Akathisa, also spelled acathisia, is a medical term used to describe “inner restlessness,” often in response to taking certain types of medications designed to treat psychiatric conditions. It may also occur in people with certain disorders like Parkinson’s disease, or be the result of certain conditions like the manic or hypomanic phase of bipolar-I and II. Often, akathisia is linked to use of anti-psychotics  but recent studies also link it to use of some anti-depressants of the SSRI class (selective serotonin reuptake inhibitors). Some doctors suggest that akathisia resulting from SSRI use may be creating greater suicidality among patients who experience it.


Akathisa is the condition associated with causing suicidal and/or homicidal behavior.

Death can come suddenly without warning: antipsychotic SAPHRIS study pending for kids…LINK.

1 thought on “Lundbeck and sycrest (saphris)”

  1. Comment:
    i just came across your blog while looking for saphris information. i’m unclear what you are describing here–are you saying saphris is associated with suicide? my understanding is that’s a (very) small possibility with most all similar drugs in this class. it sounds like the information is saying suicide is an innate possibility in the disease of schizophrenia, not necessarily from the drug.

    i know a lot of these drugs have bad side effects, but then there’s the flip side that they help people. my sis can’t function without her meds.
    please clarify your point, if possible. thanks!

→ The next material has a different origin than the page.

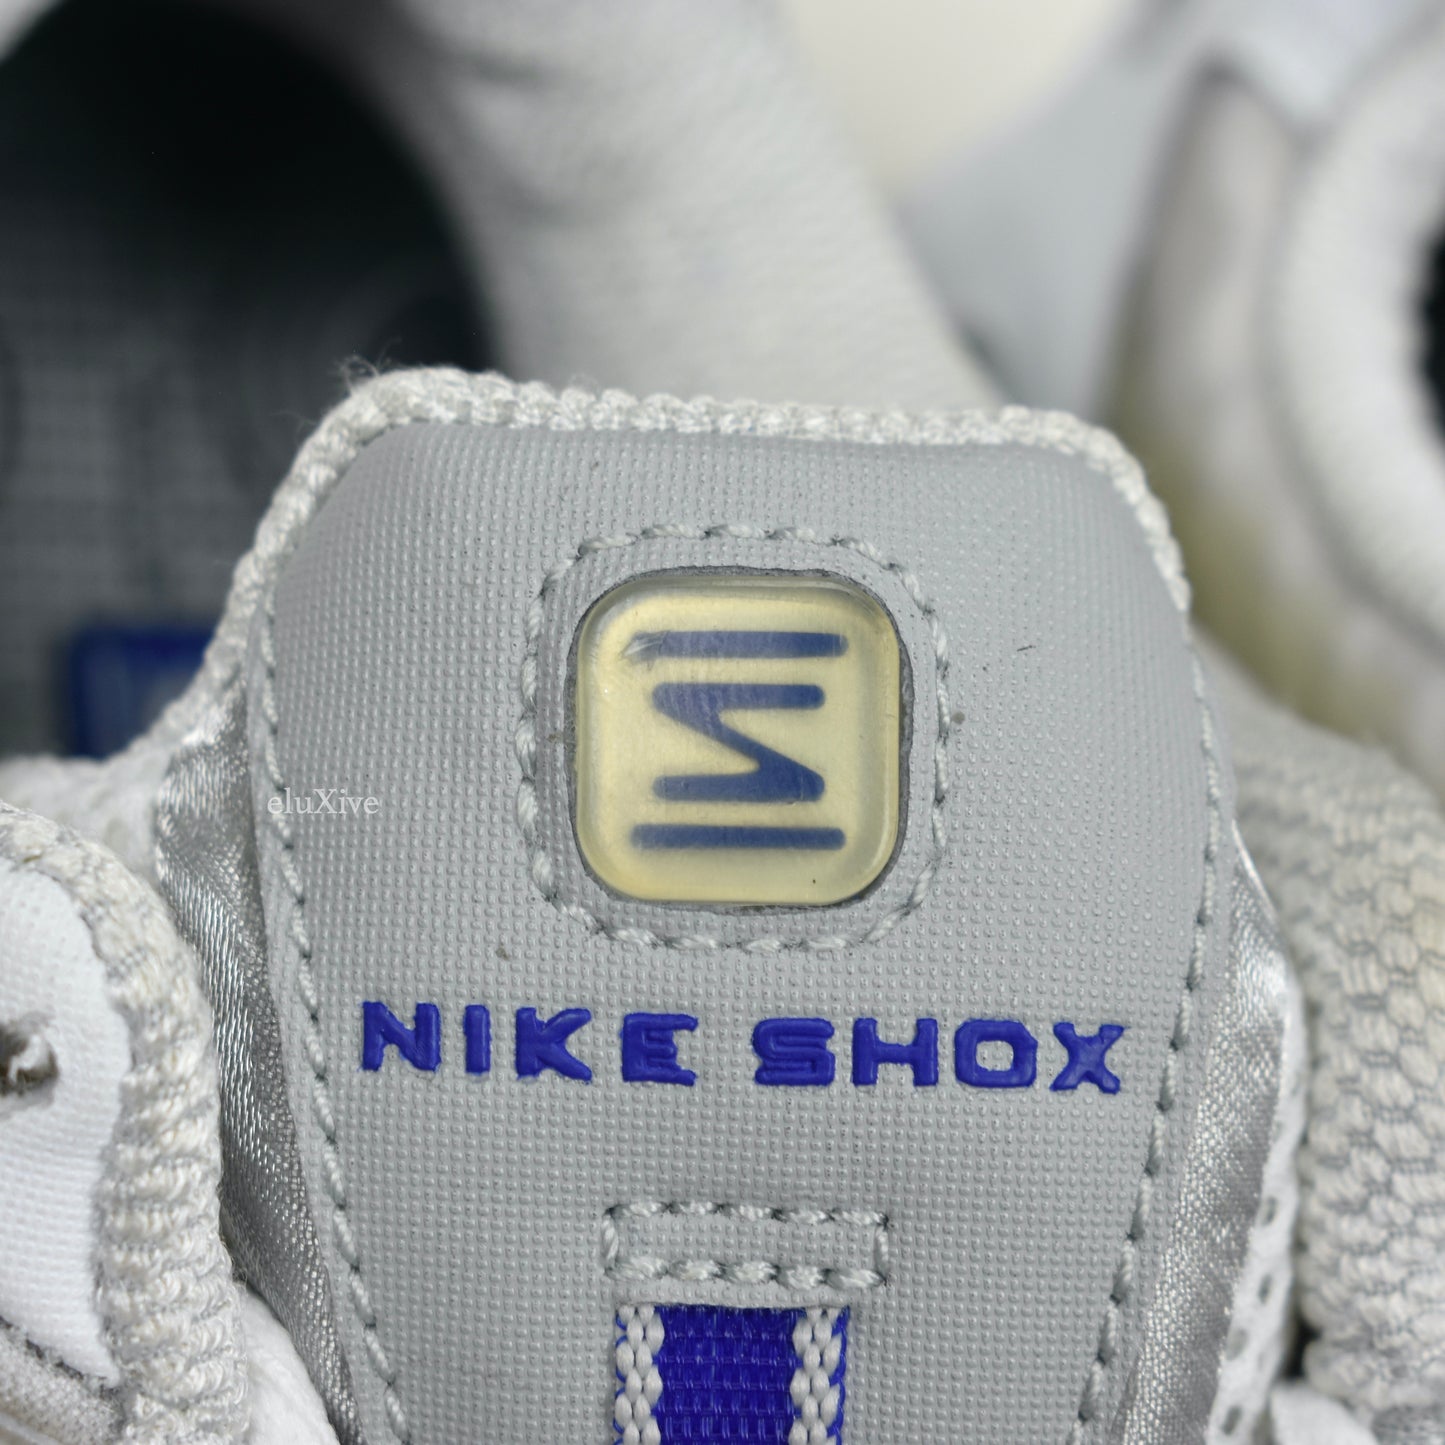 Nike - Shox TL OG White / Silver / Sport Royal Blue (2003)

    Hi…you didn’t leave any information so I can’t address you by name,
    YES… unfortunately that’s exactly what I’m saying and I’m so glad that your sister’s medication is working for her. The point I am trying to make is that all medications have side-effects and for the questionable percentage that they don’t work for…the consequences can be disastrous and sometimes fatal!
    My blog is about my ramblings, my son, my opinion, facts and side effects of medication available in other countries and not in Ireland, and Failure to warn from pharmaceutical companies and lundbeck in particular!
    Saphris/ sycrest is currently being launched by lundbeck in the E.U.

    This company cannot be trusted.
    They have lied to the Irish people; they have been investigated by the U.N. commission in the UN oil-for-food scandal, anticompetitive behavior, and have lied about their drug being licensed in other countries to get them approved in other parts of the world. Oh…and their drug pentobarbital is currently being used to execute people in the U.S.

    The facts are above…There are NO adequate studies of Saphris in pregnant women but it’s recommended that women receiving Saphris should not breast feed??

    Side effects include among others… Cardiac disorders and weight gain which lead to more problems but Hey…I’m sure there is a pill for that too.
    The most common side effect (5%) is akathisia. See above.

    Then there is elderly patients…

    Elderly patients with dementia-related psychosis treated with antipsychotic drugs are at an increased risk of death. Analyses of 17 placebo-controlled trials (modal duration of 10 weeks), largely in patients taking atypical antipsychotic drugs, revealed a risk of death in the drug-treated patients of between 1.6 to 1.7 times that seen in placebo-treated patients. Over the course of a typical 10-week controlled trial, the rate of death in drug-treated patients was about 4.5 percent, compared to a rate of about 2.6 percent in the placebo group. Although the causes of death were varied, most of the deaths appeared to be either cardiovascular (e.g., heart failure, sudden death) or infectious (e.g., pneumonia) in nature. SAPHRIS® (asenapine) is not approved for the treatment of patients with dementia-related psychosis [see Warnings and Precautions (5.1)].

    I hope I have answered your question.